Sampson Joshua N, Wheeler Bill, Li Peng, Shi Jianxin
Division of Cancer Epidemiology and Genetics, National Cancer Institute.
Information Management Services.
Ann Appl Stat. 2014 Jun;8(2):974-998. doi: 10.1214/14-aoas715.
Large case/control genome-wide association studies (GWAS) often include groups of related individuals with known relationships. When testing for associations at a given locus, current methods incorporate only the familial relationships between individuals. Here, we introduce the chromosome-based Quasi Likelihood Score (cQLS) statistic that incorporates local Identity-By-Descent (IBD) to increase the power to detect associations. In studies robust to population stratification, such as those with case/control sibling pairs, simulations show that the study power can be increased by over 50%. In our example, a GWAS examining late-onset Alzheimers disease, the p-values among the most strongly associated SNPs in the APOE gene tend to decrease, with the smallest p-value decreasing from 1.23 × 10 to 7.70 × 10. Furthermore, as a part of our simulations, we reevaluate our expectations about the use of families in GWAS. We show that, although adding only half as many unique chromosomes, genotyping affected siblings is more efficient than genotyping randomly ascertained cases. We also show that genotyping cases with a family history of disease will be less beneficial when searching for SNPs with smaller effect sizes.

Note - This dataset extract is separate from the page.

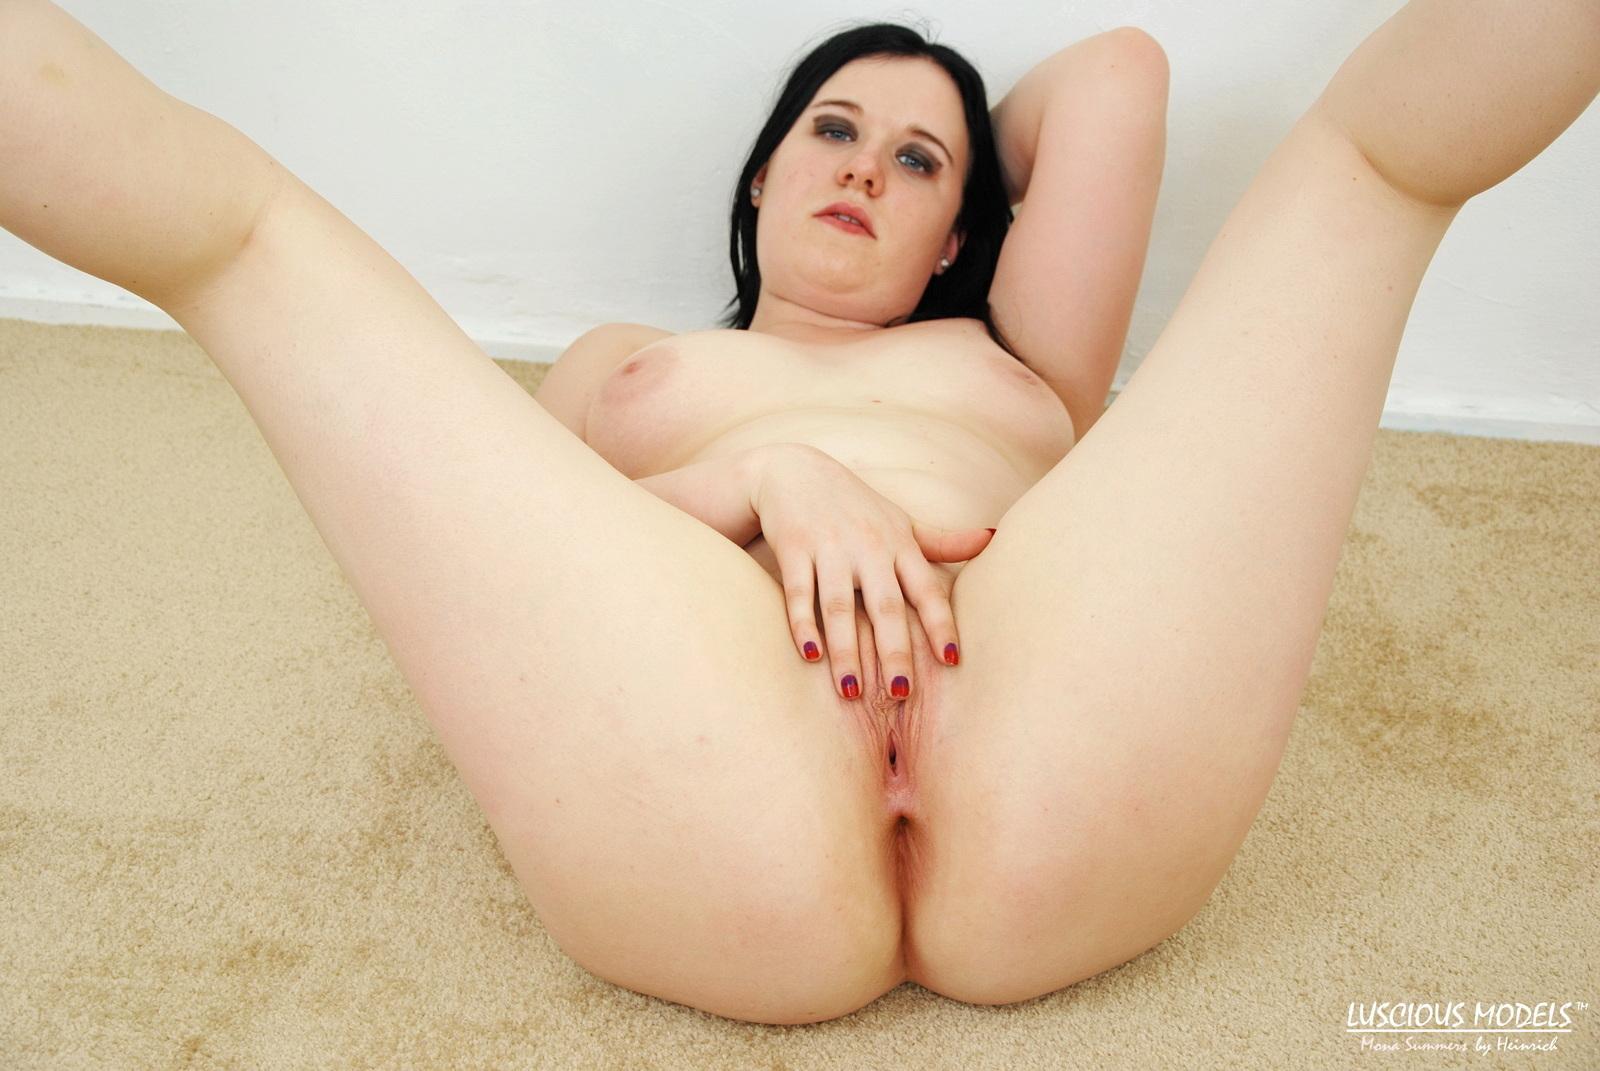 LusciousModels - Mona young Dutch pornslut 12

大型病例/对照全基因组关联研究(GWAS)通常包含具有已知亲属关系的相关个体组。在检测给定基因座的关联性时,当前方法仅纳入个体之间的家族关系。在此,我们引入基于染色体的拟似然评分(cQLS)统计量,该统计量纳入局部同源性(IBD)以提高检测关联性的效能。在对群体分层具有稳健性的研究中,例如病例/对照同胞对研究,模拟结果表明研究效能可提高50%以上。在我们的示例中,一项针对晚发性阿尔茨海默病的GWAS研究中,载脂蛋白E(APOE)基因中关联性最强的单核苷酸多态性(SNP)的p值趋于降低,最小p值从1.23×10降至7.70×10。此外,作为模拟的一部分,我们重新评估了对GWAS中使用家族样本的预期。我们表明,尽管仅增加一半数量的独特染色体,但对受影响的同胞进行基因分型比随机确定的病例进行基因分型更有效。我们还表明,在寻找效应大小较小的SNP时,对有疾病家族史的病例进行基因分型的益处较小。